▸ **Work order**
Would you print all of the entries word for word?

[[ Exercise materials, beginning ]]

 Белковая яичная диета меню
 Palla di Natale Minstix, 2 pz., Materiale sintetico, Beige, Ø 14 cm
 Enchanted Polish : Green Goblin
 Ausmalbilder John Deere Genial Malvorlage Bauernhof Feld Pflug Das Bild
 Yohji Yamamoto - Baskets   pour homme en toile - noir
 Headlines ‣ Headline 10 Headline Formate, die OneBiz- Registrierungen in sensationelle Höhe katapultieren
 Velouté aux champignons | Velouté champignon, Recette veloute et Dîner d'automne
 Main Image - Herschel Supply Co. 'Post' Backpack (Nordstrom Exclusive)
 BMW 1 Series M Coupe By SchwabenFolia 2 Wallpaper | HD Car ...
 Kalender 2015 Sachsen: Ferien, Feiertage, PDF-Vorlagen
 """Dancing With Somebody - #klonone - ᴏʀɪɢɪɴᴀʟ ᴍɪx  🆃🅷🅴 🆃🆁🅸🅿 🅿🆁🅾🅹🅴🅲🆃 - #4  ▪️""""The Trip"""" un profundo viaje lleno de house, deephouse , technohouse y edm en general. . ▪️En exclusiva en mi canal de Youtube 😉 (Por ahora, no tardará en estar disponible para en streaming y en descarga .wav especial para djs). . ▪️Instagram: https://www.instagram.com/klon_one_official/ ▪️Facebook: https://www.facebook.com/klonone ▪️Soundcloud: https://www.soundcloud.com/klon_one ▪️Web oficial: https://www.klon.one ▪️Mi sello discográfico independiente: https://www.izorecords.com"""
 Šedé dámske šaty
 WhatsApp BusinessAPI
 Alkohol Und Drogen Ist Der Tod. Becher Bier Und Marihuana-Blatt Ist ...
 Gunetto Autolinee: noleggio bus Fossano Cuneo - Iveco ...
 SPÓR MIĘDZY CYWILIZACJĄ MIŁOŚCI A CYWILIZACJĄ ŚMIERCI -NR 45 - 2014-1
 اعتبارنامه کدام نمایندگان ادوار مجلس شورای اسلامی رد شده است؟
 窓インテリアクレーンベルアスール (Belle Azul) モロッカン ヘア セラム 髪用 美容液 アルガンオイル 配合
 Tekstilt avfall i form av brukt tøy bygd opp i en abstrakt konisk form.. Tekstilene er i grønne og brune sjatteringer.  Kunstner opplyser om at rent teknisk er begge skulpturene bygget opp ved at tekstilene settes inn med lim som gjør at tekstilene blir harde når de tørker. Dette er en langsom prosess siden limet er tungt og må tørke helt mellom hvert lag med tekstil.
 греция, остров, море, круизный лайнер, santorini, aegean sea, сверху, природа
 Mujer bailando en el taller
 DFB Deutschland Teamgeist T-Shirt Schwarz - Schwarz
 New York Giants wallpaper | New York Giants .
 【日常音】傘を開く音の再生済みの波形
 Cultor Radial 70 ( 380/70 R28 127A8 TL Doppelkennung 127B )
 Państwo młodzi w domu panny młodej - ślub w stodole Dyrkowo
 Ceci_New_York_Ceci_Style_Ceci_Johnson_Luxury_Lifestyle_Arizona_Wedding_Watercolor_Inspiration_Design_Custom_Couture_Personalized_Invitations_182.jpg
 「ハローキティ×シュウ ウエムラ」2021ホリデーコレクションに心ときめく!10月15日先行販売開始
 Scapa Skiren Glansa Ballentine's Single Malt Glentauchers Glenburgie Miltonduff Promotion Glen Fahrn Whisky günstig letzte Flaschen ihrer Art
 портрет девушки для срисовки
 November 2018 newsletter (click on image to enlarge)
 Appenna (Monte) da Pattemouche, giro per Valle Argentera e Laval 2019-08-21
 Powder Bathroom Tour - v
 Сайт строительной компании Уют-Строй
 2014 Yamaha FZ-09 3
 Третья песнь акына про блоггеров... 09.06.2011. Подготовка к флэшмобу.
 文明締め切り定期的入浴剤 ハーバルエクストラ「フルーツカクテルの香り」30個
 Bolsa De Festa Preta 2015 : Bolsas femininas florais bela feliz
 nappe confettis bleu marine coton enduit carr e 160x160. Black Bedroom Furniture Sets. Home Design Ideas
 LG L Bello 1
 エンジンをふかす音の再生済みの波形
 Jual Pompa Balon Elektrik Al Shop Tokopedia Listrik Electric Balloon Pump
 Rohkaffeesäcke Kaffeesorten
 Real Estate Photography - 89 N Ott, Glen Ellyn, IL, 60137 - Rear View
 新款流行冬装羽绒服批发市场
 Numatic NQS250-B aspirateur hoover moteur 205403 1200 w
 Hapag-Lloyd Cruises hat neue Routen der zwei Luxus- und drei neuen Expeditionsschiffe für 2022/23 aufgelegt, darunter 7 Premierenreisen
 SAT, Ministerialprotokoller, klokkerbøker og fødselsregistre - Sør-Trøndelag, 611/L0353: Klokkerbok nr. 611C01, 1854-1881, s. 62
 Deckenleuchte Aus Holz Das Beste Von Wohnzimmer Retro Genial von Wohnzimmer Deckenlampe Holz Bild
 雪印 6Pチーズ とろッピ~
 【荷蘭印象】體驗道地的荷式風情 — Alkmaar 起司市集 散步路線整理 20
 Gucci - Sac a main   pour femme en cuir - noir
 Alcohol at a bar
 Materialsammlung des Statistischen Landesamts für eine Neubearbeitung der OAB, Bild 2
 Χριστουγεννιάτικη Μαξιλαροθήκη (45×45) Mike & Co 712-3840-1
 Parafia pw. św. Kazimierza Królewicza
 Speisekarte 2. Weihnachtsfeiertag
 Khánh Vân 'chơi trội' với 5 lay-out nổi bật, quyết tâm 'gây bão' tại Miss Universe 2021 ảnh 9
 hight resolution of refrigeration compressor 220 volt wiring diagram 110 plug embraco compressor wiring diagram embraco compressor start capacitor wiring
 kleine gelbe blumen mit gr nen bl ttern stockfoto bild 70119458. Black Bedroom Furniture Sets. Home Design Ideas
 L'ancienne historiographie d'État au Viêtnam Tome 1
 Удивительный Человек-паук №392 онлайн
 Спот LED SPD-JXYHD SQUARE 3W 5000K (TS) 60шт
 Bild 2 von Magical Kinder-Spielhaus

[[ Exercise materials, end ]]

▸ **Answer for this exercise**
 Белковая яичная диета меню
 Palla di Natale Minstix, 2 pz., Materiale sintetico, Beige, Ø 14 cm
 Enchanted Polish : Green Goblin
 Ausmalbilder John Deere Genial Malvorlage Bauernhof Feld Pflug Das Bild
 Yohji Yamamoto - Baskets   pour homme en toile - noir
 Headlines ‣ Headline 10 Headline Formate, die OneBiz- Registrierungen in sensationelle Höhe katapultieren
 Velouté aux champignons | Velouté champignon, Recette veloute et Dîner d'automne
 Main Image - Herschel Supply Co. 'Post' Backpack (Nordstrom Exclusive)
 BMW 1 Series M Coupe By SchwabenFolia 2 Wallpaper | HD Car ...
 Kalender 2015 Sachsen: Ferien, Feiertage, PDF-Vorlagen
 """Dancing With Somebody - #klonone - ᴏʀɪɢɪɴᴀʟ ᴍɪx  🆃🅷🅴 🆃🆁🅸🅿 🅿🆁🅾🅹🅴🅲🆃 - #4  ▪️""""The Trip"""" un profundo viaje lleno de house, deephouse , technohouse y edm en general. . ▪️En exclusiva en mi canal de Youtube 😉 (Por ahora, no tardará en estar disponible para en streaming y en descarga .wav especial para djs). . ▪️Instagram: https://www.instagram.com/klon_one_official/ ▪️Facebook: https://www.facebook.com/klonone ▪️Soundcloud: https://www.soundcloud.com/klon_one ▪️Web oficial: https://www.klon.one ▪️Mi sello discográfico independiente: https://www.izorecords.com"""
 Šedé dámske šaty
 WhatsApp BusinessAPI
 Alkohol Und Drogen Ist Der Tod. Becher Bier Und Marihuana-Blatt Ist ...
 Gunetto Autolinee: noleggio bus Fossano Cuneo - Iveco ...
 SPÓR MIĘDZY CYWILIZACJĄ MIŁOŚCI A CYWILIZACJĄ ŚMIERCI -NR 45 - 2014-1
 اعتبارنامه کدام نمایندگان ادوار مجلس شورای اسلامی رد شده است؟
 窓インテリアクレーンベルアスール (Belle Azul) モロッカン ヘア セラム 髪用 美容液 アルガンオイル 配合
 Tekstilt avfall i form av brukt tøy bygd opp i en abstrakt konisk form.. Tekstilene er i grønne og brune sjatteringer.  Kunstner opplyser om at rent teknisk er begge skulpturene bygget opp ved at tekstilene settes inn med lim som gjør at tekstilene blir harde når de tørker. Dette er en langsom prosess siden limet er tungt og må tørke helt mellom hvert lag med tekstil.
 греция, остров, море, круизный лайнер, santorini, aegean sea, сверху, природа
 Mujer bailando en el taller
 DFB Deutschland Teamgeist T-Shirt Schwarz - Schwarz
 New York Giants wallpaper | New York Giants .
 【日常音】傘を開く音の再生済みの波形
 Cultor Radial 70 ( 380/70 R28 127A8 TL Doppelkennung 127B )
 Państwo młodzi w domu panny młodej - ślub w stodole Dyrkowo
 Ceci_New_York_Ceci_Style_Ceci_Johnson_Luxury_Lifestyle_Arizona_Wedding_Watercolor_Inspiration_Design_Custom_Couture_Personalized_Invitations_182.jpg
 「ハローキティ×シュウ ウエムラ」2021ホリデーコレクションに心ときめく!10月15日先行販売開始
 Scapa Skiren Glansa Ballentine's Single Malt Glentauchers Glenburgie Miltonduff Promotion Glen Fahrn Whisky günstig letzte Flaschen ihrer Art
 портрет девушки для срисовки
 November 2018 newsletter (click on image to enlarge)
 Appenna (Monte) da Pattemouche, giro per Valle Argentera e Laval 2019-08-21
 Powder Bathroom Tour - v
 Сайт строительной компании Уют-Строй
 2014 Yamaha FZ-09 3
 Третья песнь акына про блоггеров... 09.06.2011. Подготовка к флэшмобу.
 文明締め切り定期的入浴剤 ハーバルエクストラ「フルーツカクテルの香り」30個
 Bolsa De Festa Preta 2015 : Bolsas femininas florais bela feliz
 nappe confettis bleu marine coton enduit carr e 160x160. Black Bedroom Furniture Sets. Home Design Ideas
 LG L Bello 1
 エンジンをふかす音の再生済みの波形
 Jual Pompa Balon Elektrik Al Shop Tokopedia Listrik Electric Balloon Pump
 Rohkaffeesäcke Kaffeesorten
 Real Estate Photography - 89 N Ott, Glen Ellyn, IL, 60137 - Rear View
 新款流行冬装羽绒服批发市场
 Numatic NQS250-B aspirateur hoover moteur 205403 1200 w
 Hapag-Lloyd Cruises hat neue Routen der zwei Luxus- und drei neuen Expeditionsschiffe für 2022/23 aufgelegt, darunter 7 Premierenreisen
 SAT, Ministerialprotokoller, klokkerbøker og fødselsregistre - Sør-Trøndelag, 611/L0353: Klokkerbok nr. 611C01, 1854-1881, s. 62
 Deckenleuchte Aus Holz Das Beste Von Wohnzimmer Retro Genial von Wohnzimmer Deckenlampe Holz Bild
 雪印 6Pチーズ とろッピ~
 【荷蘭印象】體驗道地的荷式風情 — Alkmaar 起司市集 散步路線整理 20
 Gucci - Sac a main   pour femme en cuir - noir
 Alcohol at a bar
 Materialsammlung des Statistischen Landesamts für eine Neubearbeitung der OAB, Bild 2
 Χριστουγεννιάτικη Μαξιλαροθήκη (45×45) Mike & Co 712-3840-1
 Parafia pw. św. Kazimierza Królewicza
 Speisekarte 2. Weihnachtsfeiertag
 Khánh Vân 'chơi trội' với 5 lay-out nổi bật, quyết tâm 'gây bão' tại Miss Universe 2021 ảnh 9
 hight resolution of refrigeration compressor 220 volt wiring diagram 110 plug embraco compressor wiring diagram embraco compressor start capacitor wiring
 kleine gelbe blumen mit gr nen bl ttern stockfoto bild 70119458. Black Bedroom Furniture Sets. Home Design Ideas
 L'ancienne historiographie d'État au Viêtnam Tome 1
 Удивительный Человек-паук №392 онлайн
 Спот LED SPD-JXYHD SQUARE 3W 5000K (TS) 60шт
 Bild 2 von Magical Kinder-Spielhaus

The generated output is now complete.